In its opinion in the Elsinore case the court regarded the individual lease as a matter of construction and the decision does not establish any hard and fast rule which can be applied to all oil and gas leases in cases where a monetary consideration is provided in addition to royalty and deferred drilling rentals. The court determined that as to the particular lease the evident intention of the parties was that the consideration for the lease was the entire $6,000. In the case at bar it is apparent that no such evident intention is discernible in the lease and there was an obvious difference in the consideration by reason of the fact that respondent had already paid the sum of $2,000 on the option of the property which was credited on the lease. Furthermore, under the terms of paragraph 31 of the instant lease respondent agreed to pay an additional $1,000 to the appellant for every three months he retained the lease whether any development work was accomplished or not. In the Elsinore case there was no obligation to pay any sums of money at all even though the lessee retained the lease. In the instant case, however, appellant was certain of getting the money as long as respondent remained in possession. The evidence is that appellant actually collected $3,000 for the option and lease of oil lands which proved to be worthless and that the property was tied up under both option and lease for a total period of nine months.

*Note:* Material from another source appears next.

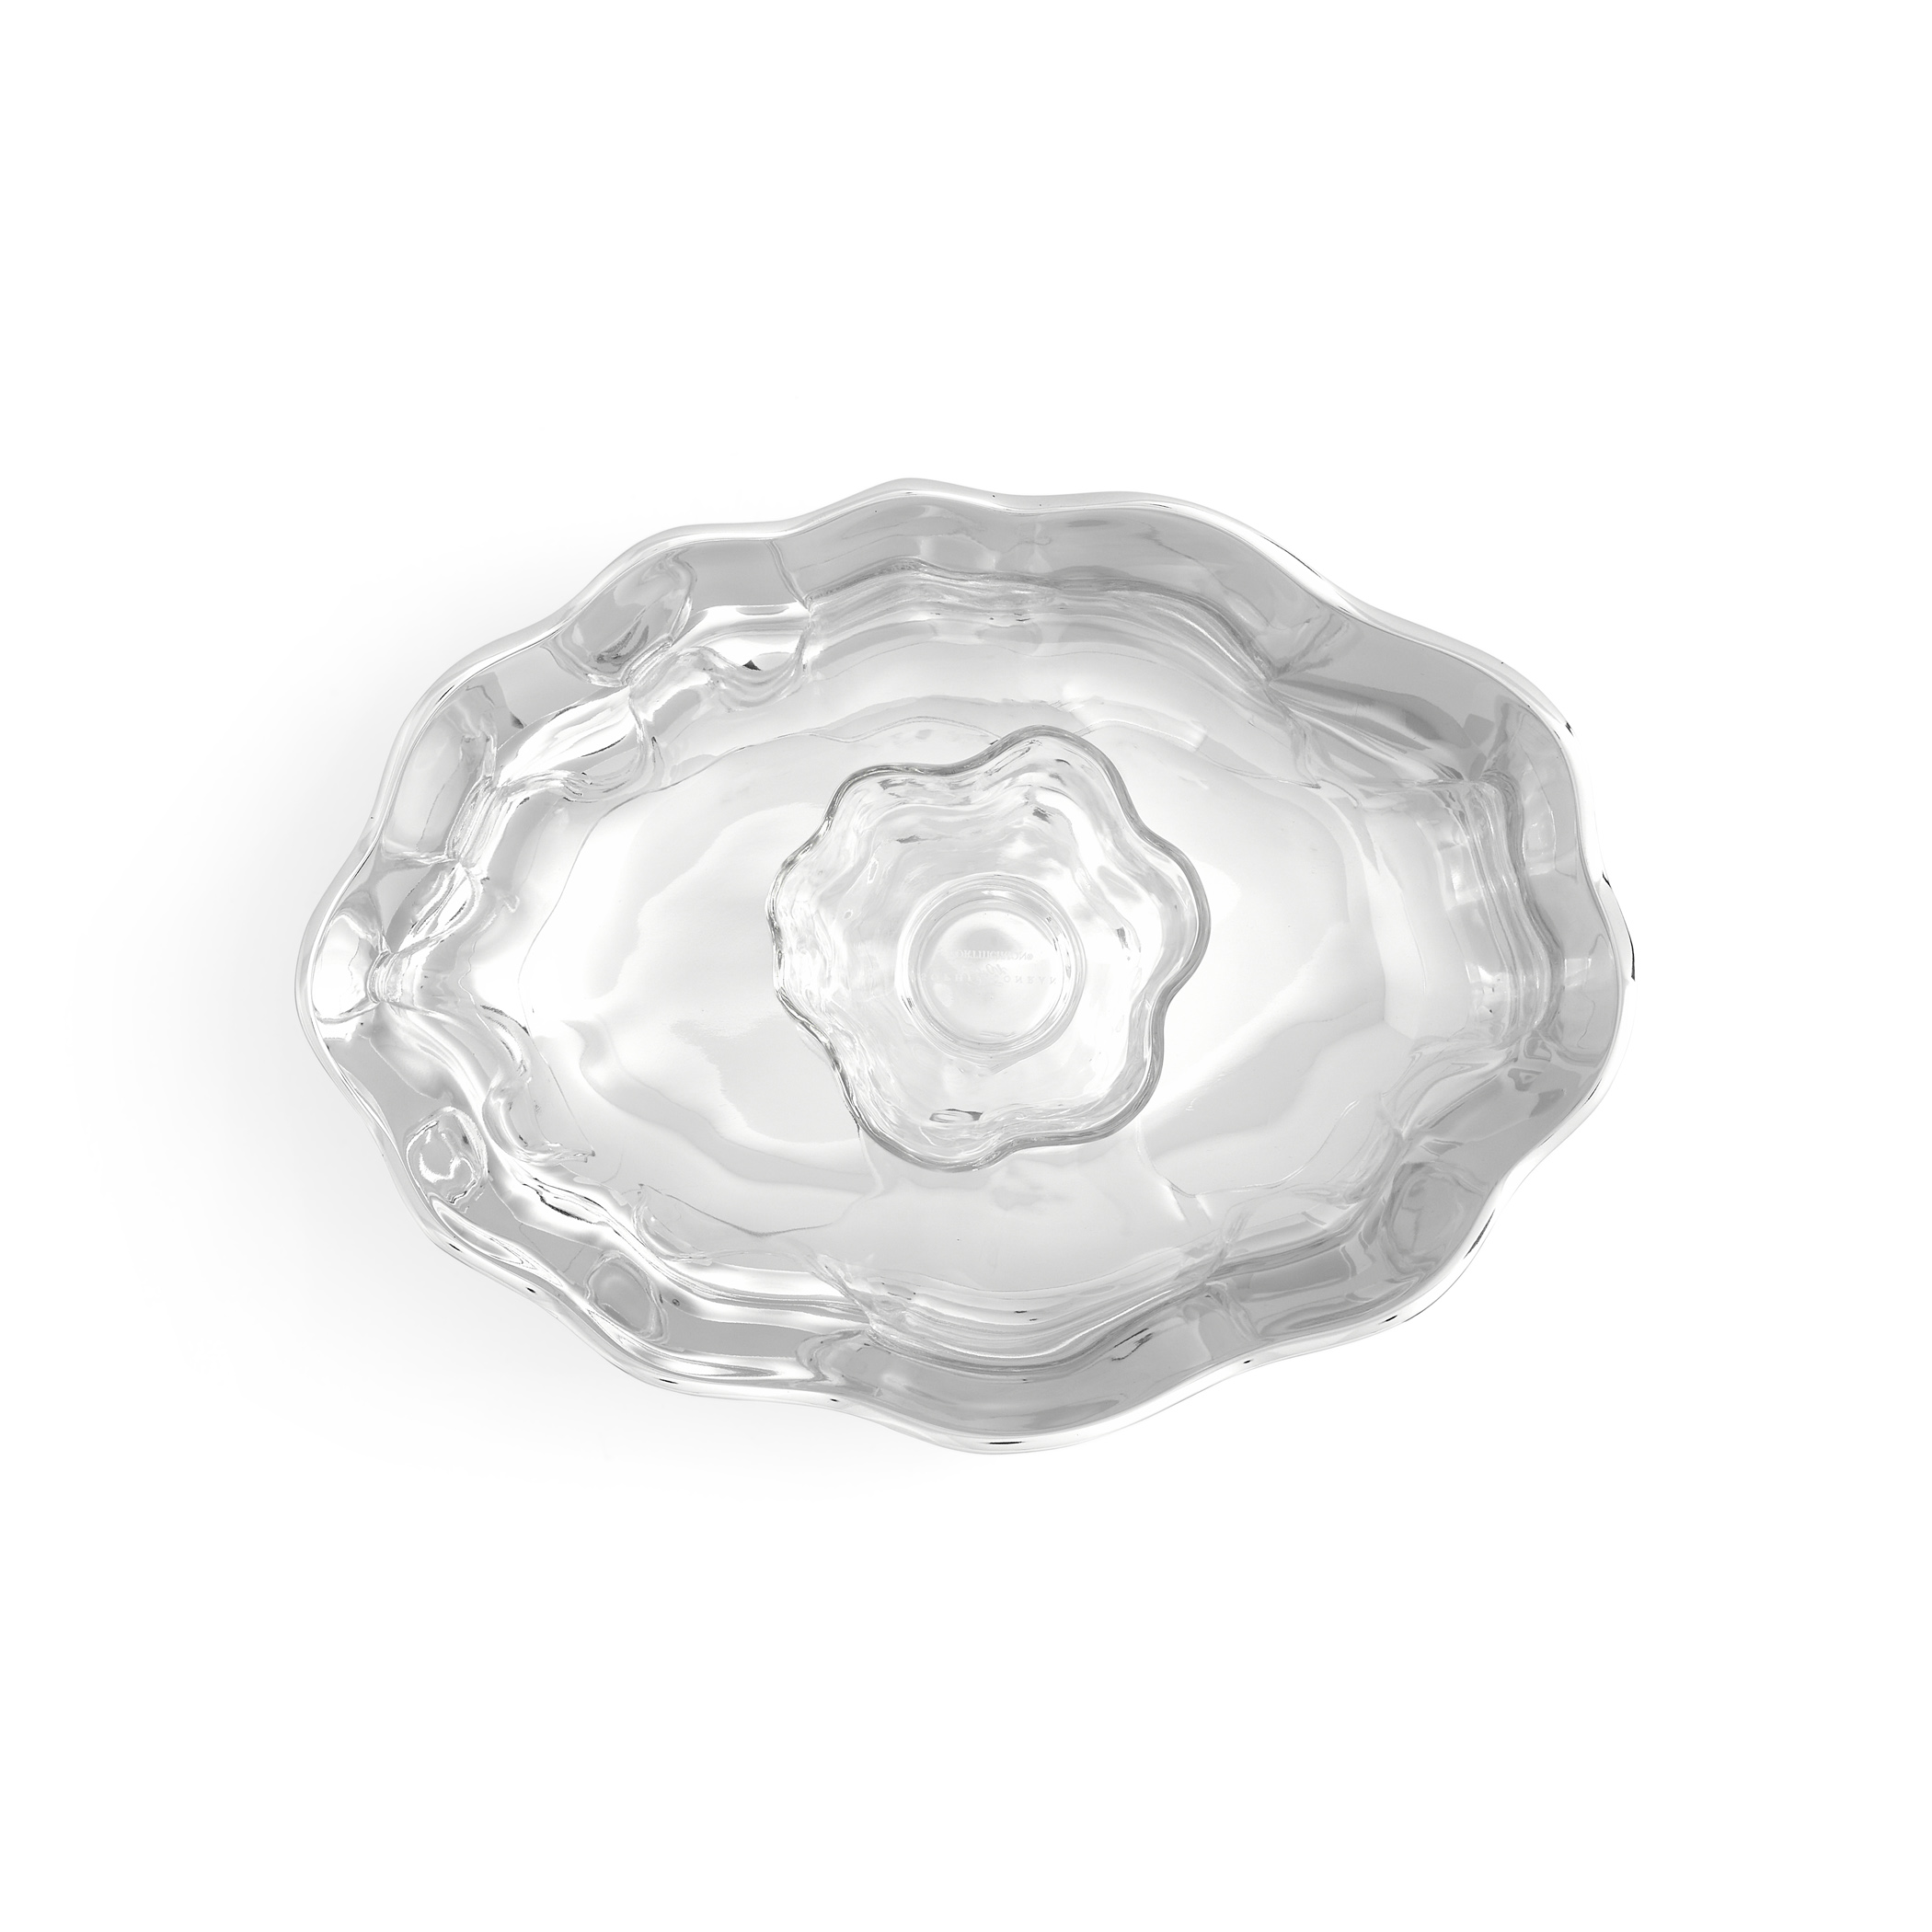 Sophie Conran Floret Alloy Chip and Dip image number null

The other cases relied upon by appellant are likewise distinguishable from the case at bar, but it is not necessary to analyze them because no fixed and unvarying meaning can be applied to the term “bonus” without a construction of the particular lease in each case, and in the case at bar, as found by the trial court, paragraph 27 of the agreement clearly gave respondent the right to quitclaim the property at any time without liability for further payments of the quarterly installments.
Not only did the trial court so interpret paragraph 27, but this conclusion is also supported by the testimony. Respondent testified that they had refused to pay the full amount of the cash bonus at one time because they “wanted an opportunity to find out if the land was worth it” and a chance to prove whether it was oil or gas land.
We agree with the trial court's interpretation of the lease and there is ample evidence to support its findings and judgment. Accordingly, the judgment is affirmed.
MURPHY, Justice pro tem.
PETERS, P. J., and WARD, J., concurred.